JESUS’ ETERNAL PRE-EXISTENCE
Jesus didn’t begin as a human. Actually, He never had any beginning because He is the Eternal Word, the 2nd Person of the Godhead. Listen to how John’s Gospel opens up with this very point: “In the beginning was the Word, and the Word was with God, and the Word WAS God.” He existed in the beginning with God – meaning He was already in existence along with God when the beginning happened because He as the Word is God and caused the beginning to happen. Then it goes on to say, “And the Word became flesh and dwelt among us…” The eternal Word that was God came in the flesh and His name is Jesus. This is why Jesus would say to the crowds, “Before Abraham was born I am!” – referring to the fact that He existed as the eternal Word prior to even Abraham’s existence – which was nearly 2000 years prior to Jesus saying this.

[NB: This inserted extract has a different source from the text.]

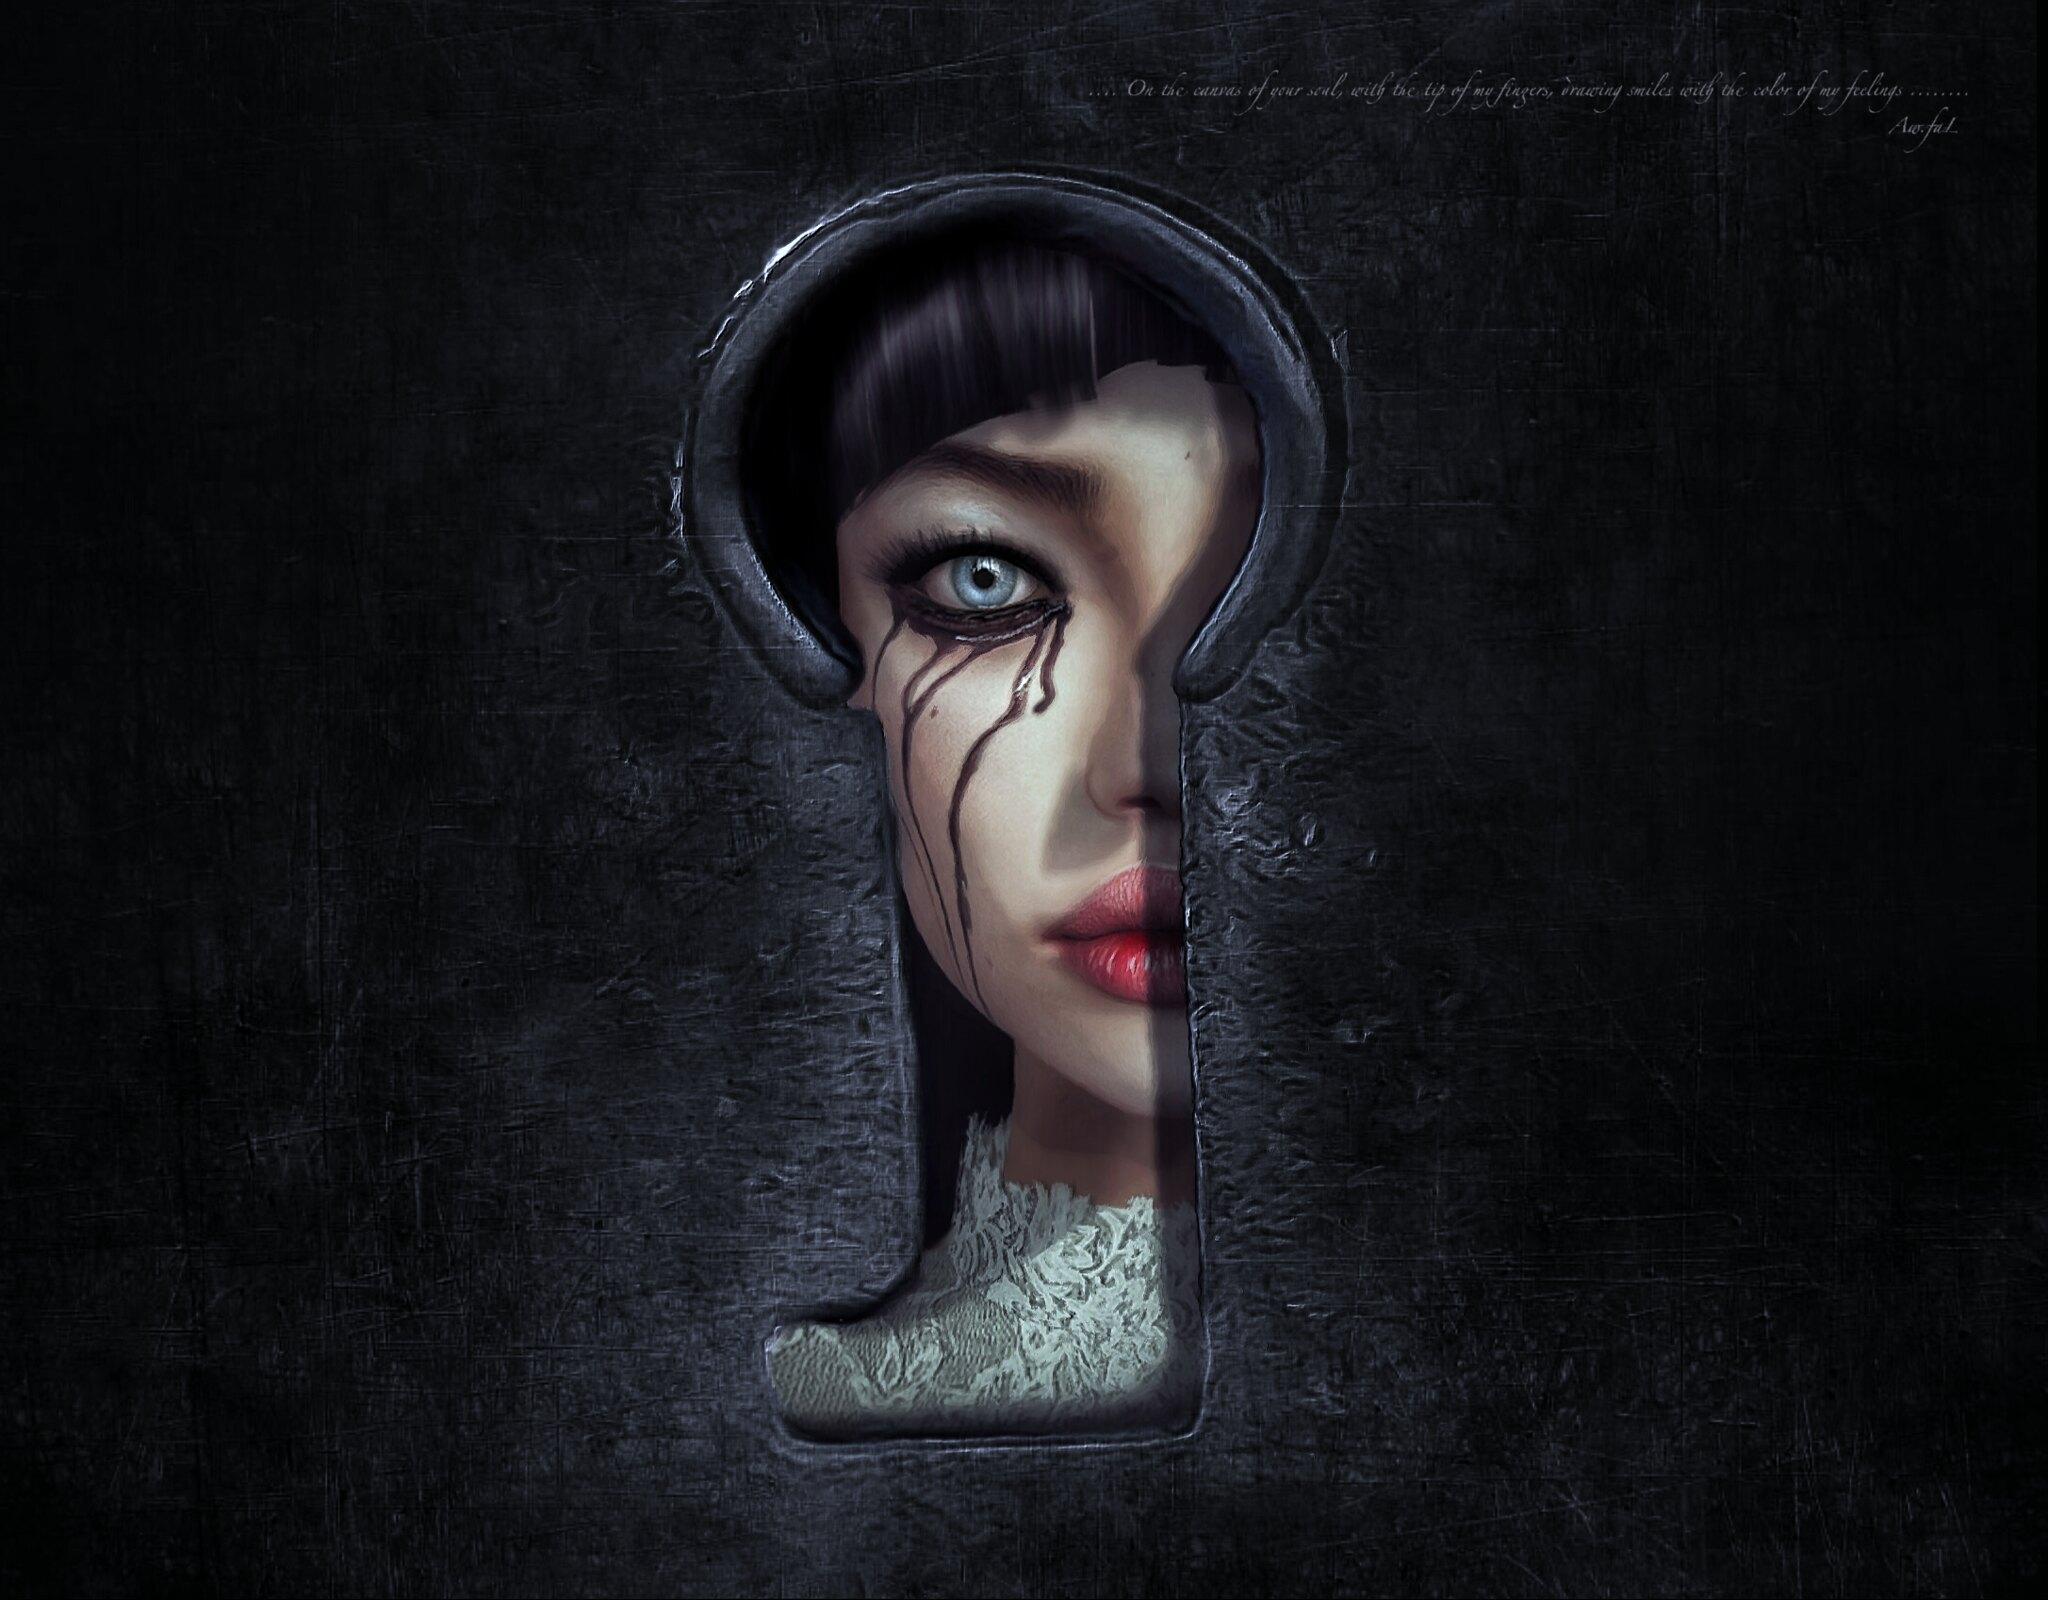 ......... inside myself

This brings up an important point about the nature of Jesus. He is one person with two natures: one God and one Human. The best expression of the Bible’s teaching on this truth is the Chalcedonian Creed, which I urge you to read carefully. It refutes the Eutechean error that insisted Jesus had one nature after blending and mixing the human and divine nature within himself so that it was some new thing, a combined mixture. Let me name the errors people have had about Him:
- Jesus was fully God but not man
- Jesus was fully man but not God (Arianism)
- Jesus only appeared to have a body, but his body and his physical sufferings were only illusions (Docetism)

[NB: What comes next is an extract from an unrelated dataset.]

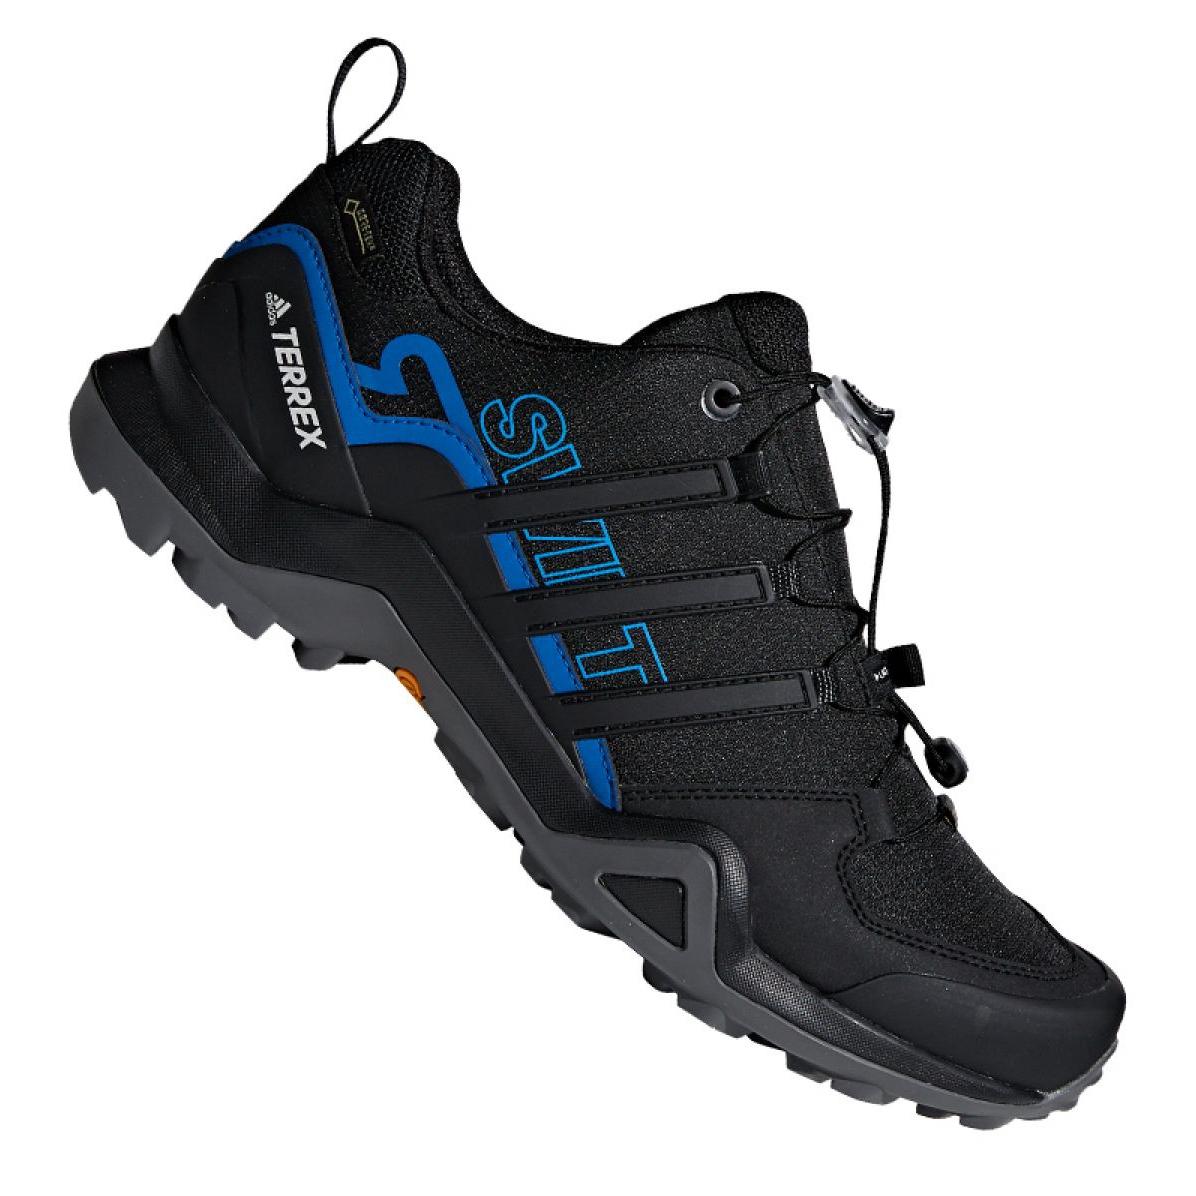 competitive price 2ce13 7c96b Dettagli su Nero Scarpe da trekking adidas Terrex Swift R2 Gtx M AC7829

- Similarly, Jesus set aside His divinity and stopped being God to come down and become a human while on earth (Kenoticism)
- Jesus was two separate Persons in one body, like he’s schizophrenic (Nestorianism)
- Jesus had a mixture of the divine and human nature that dissolved the distinction of both natures (Eutychianism).
As usual, there is one truth and innumerable errors to confuse the truth. As the Chalcedonian Creed (449) says so elegantly and forcefully:
“the same Christ, Son, Lord, Only-begotten, [is] to be acknowledged in two natures, inconfusedly, unchangeably, indivisibly, inseparably; the distinction of natures being by no means taken away by the union, but rather the property of each nature being preserved, and concurring in one Person and one Subsistence, not parted or divided into two persons, but one and the same Son, and only begotten, God the Word, the Lord Jesus Christ…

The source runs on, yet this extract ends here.